Des obligations valables 12 ans. Après, il faut renégocier avec les propriétaires, et le cas va se présenter dans le quartier Saint-Paul où les premières concessions s’arrêteront en juin prochain.
Direction rive droite
Pour maintenir des prix abordables, Jean-Noël Galvan invoque aussi une offre de logement social public et une « concurrence saine » où le propriétaire voisin des logements sociaux privés baissera lui aussi ses prix.
« Mais pourquoi les propriétaires privés feraient des prix bas s’ils peuvent louer plus cher ? », s’interroge François, de Droit au logement.

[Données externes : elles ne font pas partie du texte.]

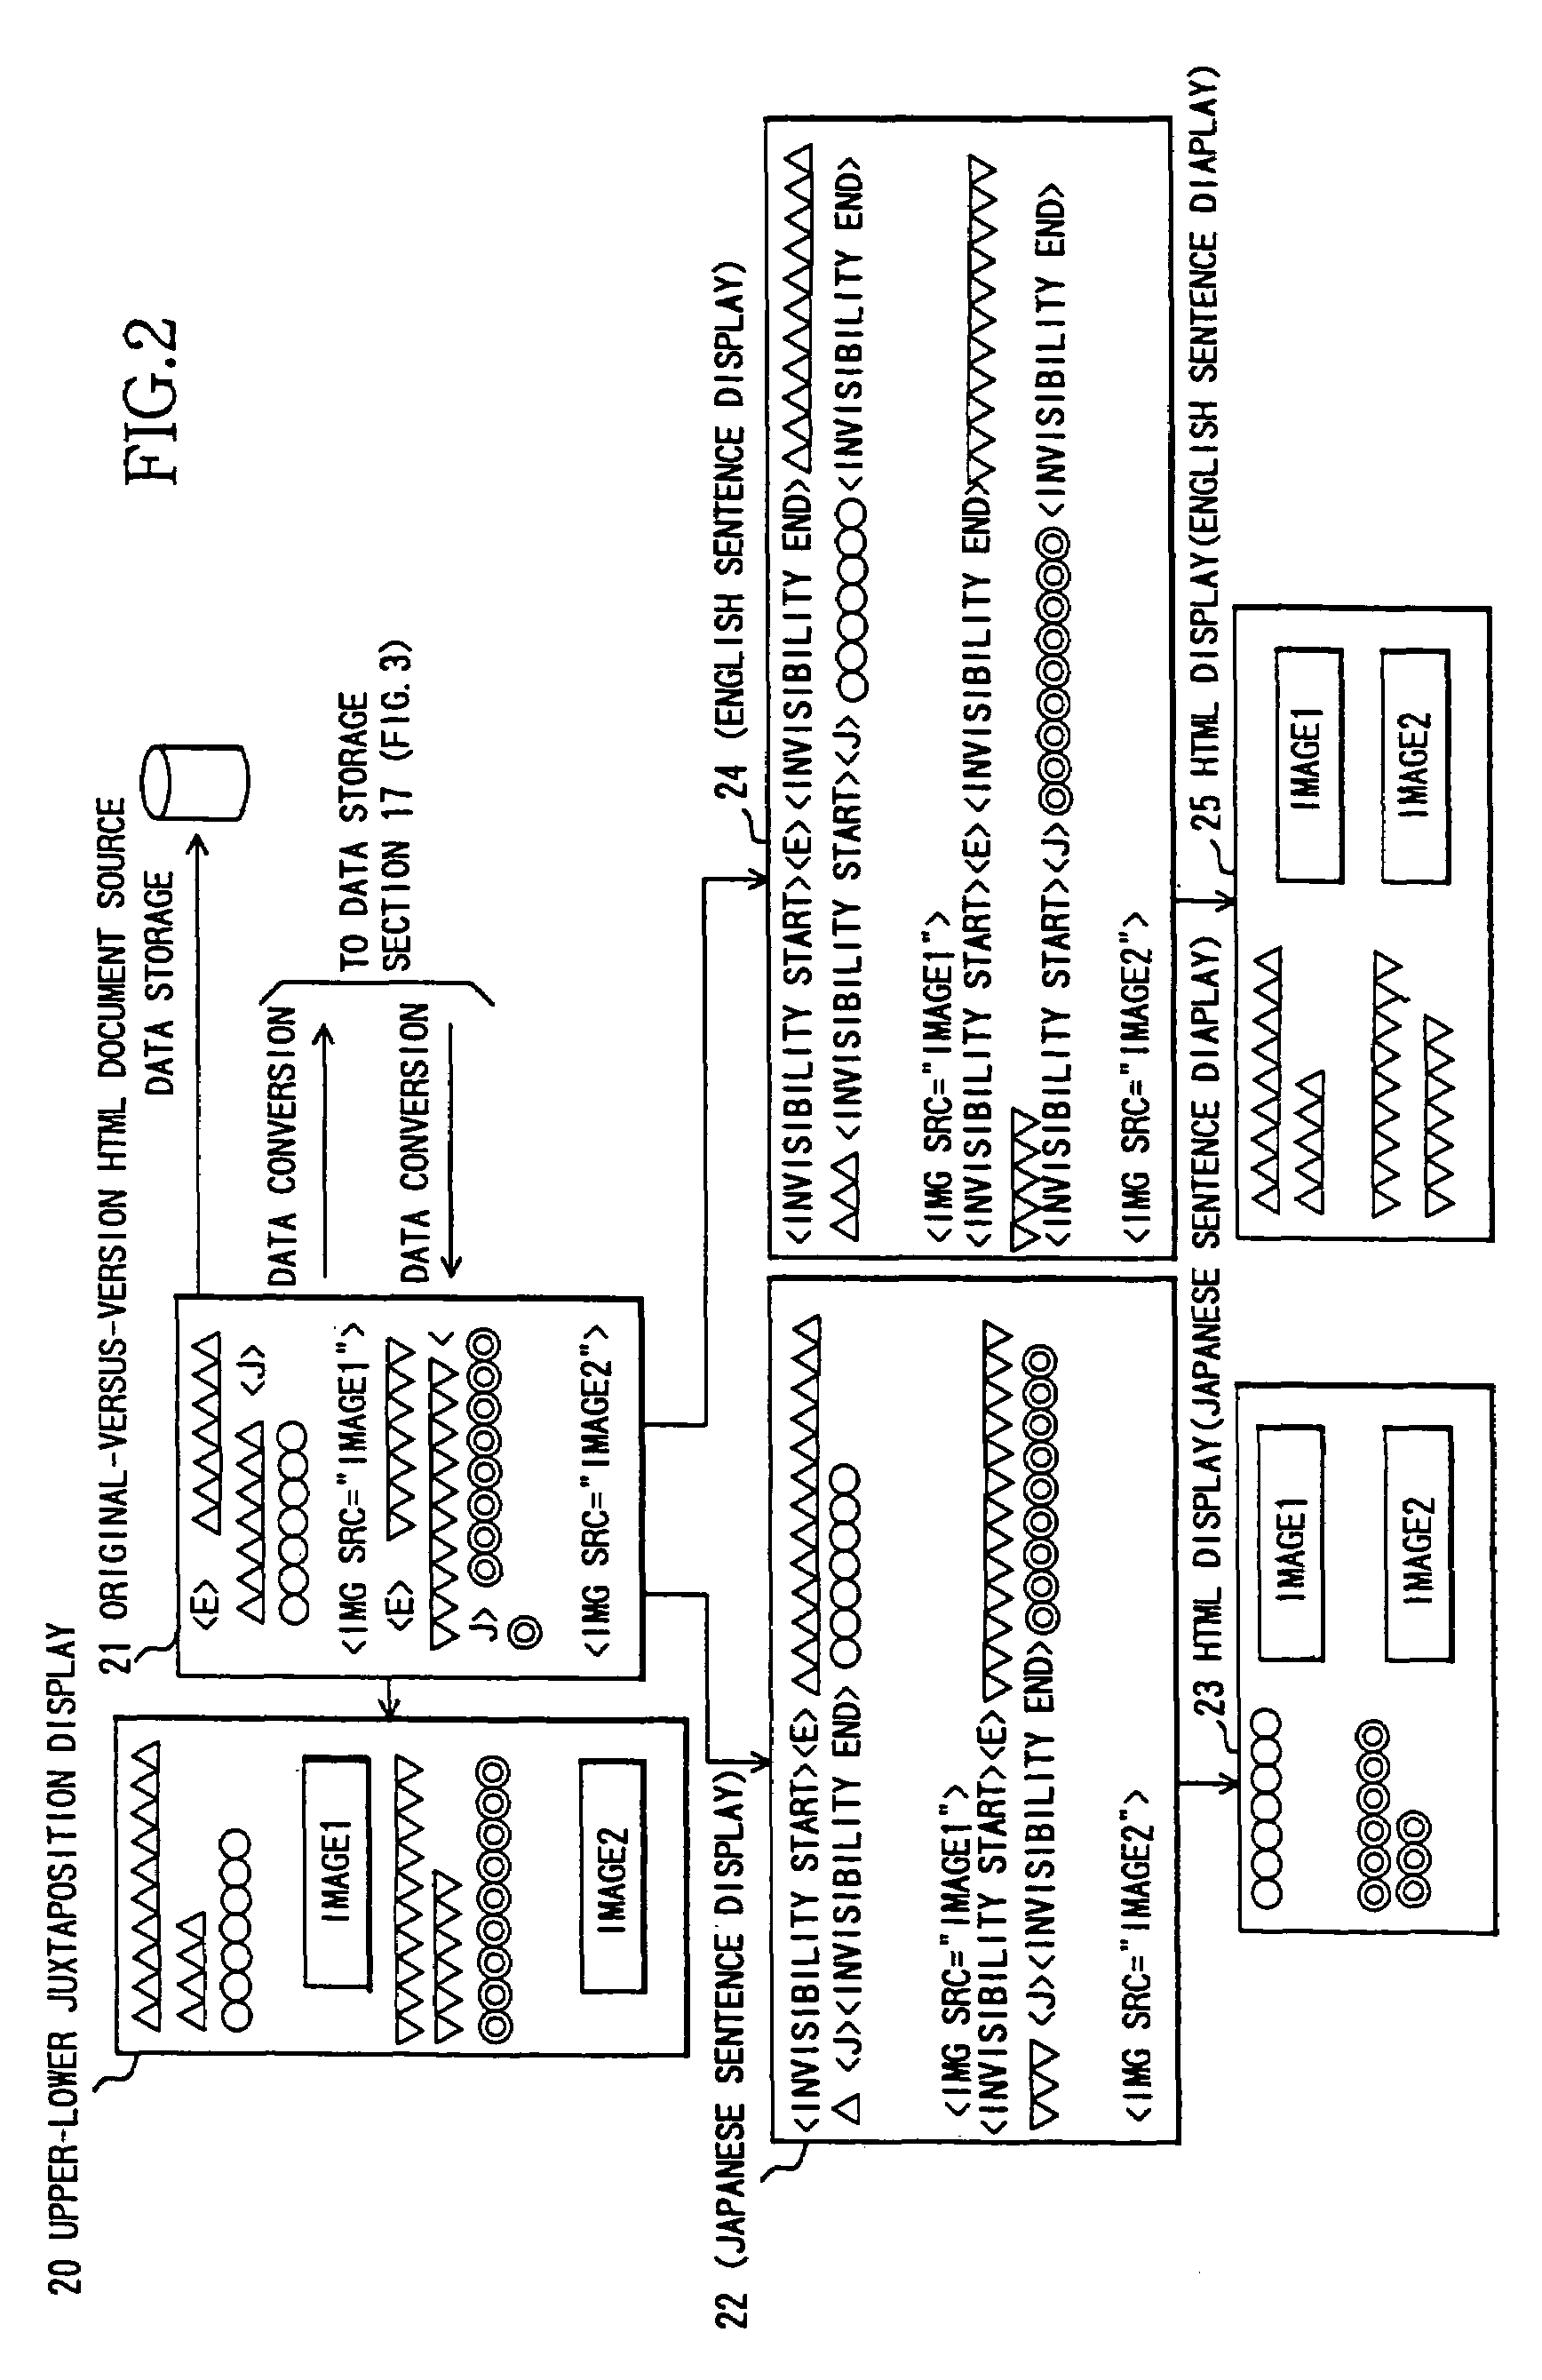 Document processing apparatus and method for analysis and formation of tagged hypertext documents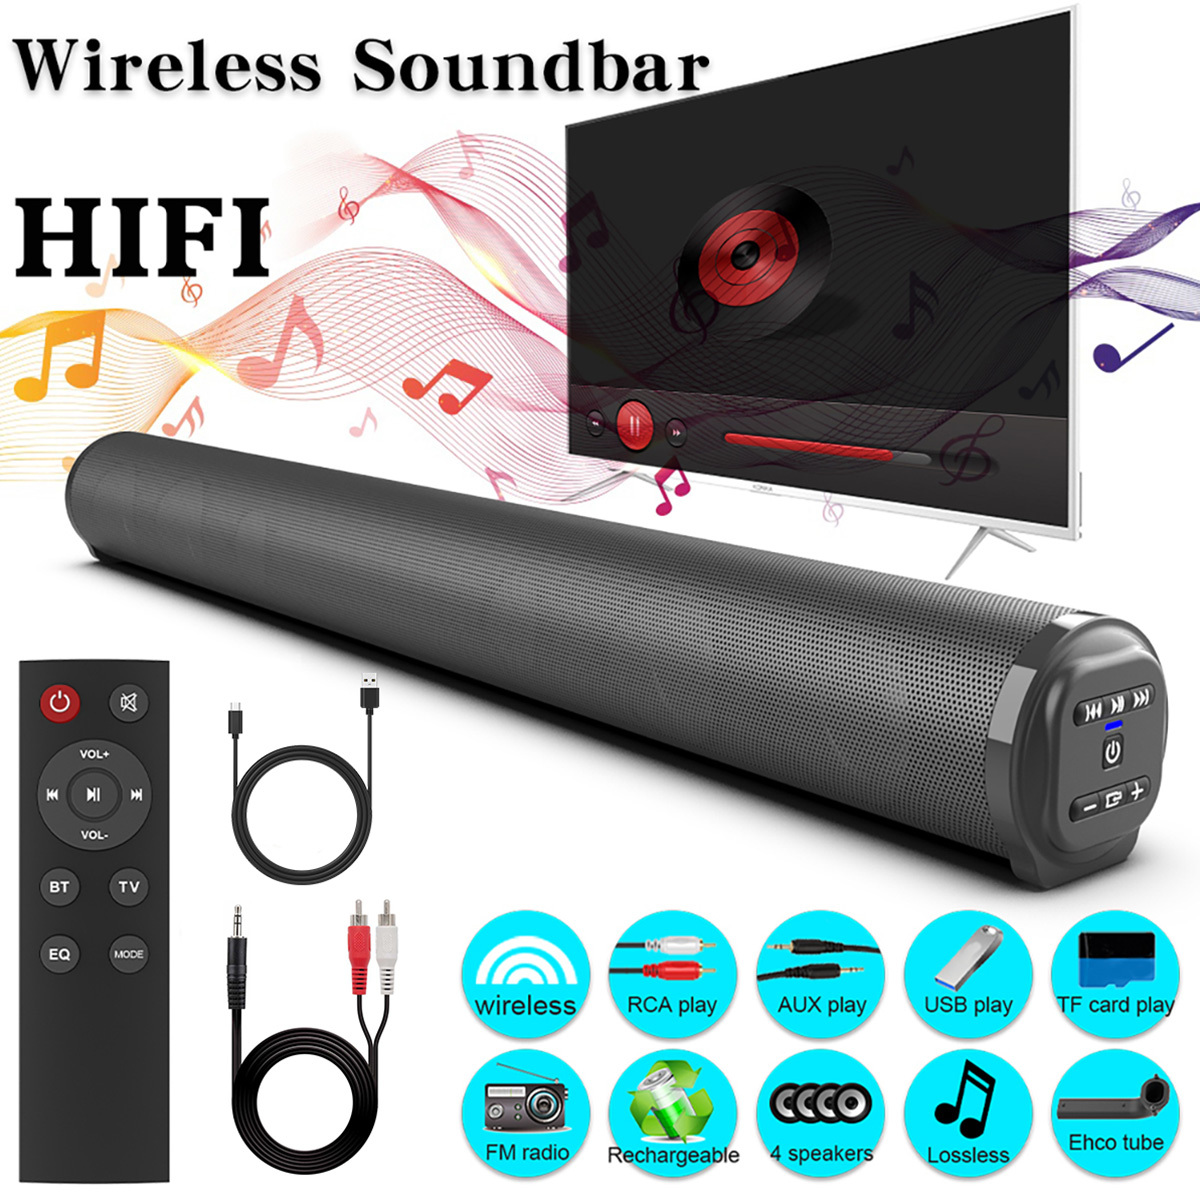 

Soundcars For Tv, 20w Home Theater Sound Bar With Remote Control, Support Tf Card, Usb, Aux And Rca Audio Input, Surround Sound System Speaker With 4pcs Subwoofer For Pc/gaming/projectors

La sociologue Agnès Villechaise connaît bien le quartier, son terrain d’étude depuis la fin des années 1980. Assise au pied de l’église Sainte-Croix, elle ne veut pas jeter la pierre à la SEM :
« InCité fait un travail de longue haleine, complexe, dispendieux en énergie mais surtout dont les retombées sont incertaines. Elle a une volonté de régulation, même si je ne dis pas qu’elle est efficace. Ce n’est pas pérenne. Pour éviter l’effet de bascule quand le loyer et l’achat d’appartement deviendront inaccessibles -, la puissance publique doit favoriser et maintenir des logements publics ou privés. J’ai l’espoir que cet équilibre puisse être maintenu. »
Pour Jean-Noël Galvan, « c’est tout l’enjeu de l’offre et de la demande. Est-ce que Bordeaux est capable d’avoir une offre conséquente pour limiter cet effet ? En ce sens, on peut dire que la ville a une chance inouïe, avec des terrains disponibles rive droite. »
La rive droite devient d’ailleurs une terre d’accueil pour les exilés du quartier. C’est ce que remarque Hamed Serraj, co-fondateur en 1990 de l’association Le Boulevard des Potes, installée en plein cœur de Saint-Michel et connue pour ses repas de quartier. Il voit une partie de son public s’éloigner du centre de l’agglomération. Direction Cenon, Lormont, Floirac, Bassens, Sainte-Eulalie – « On en croise même lors de nos permanences à Castillon-la-Bataille. »
Saint-Michel peut ainsi se perdre de l’autre côté du fleuve.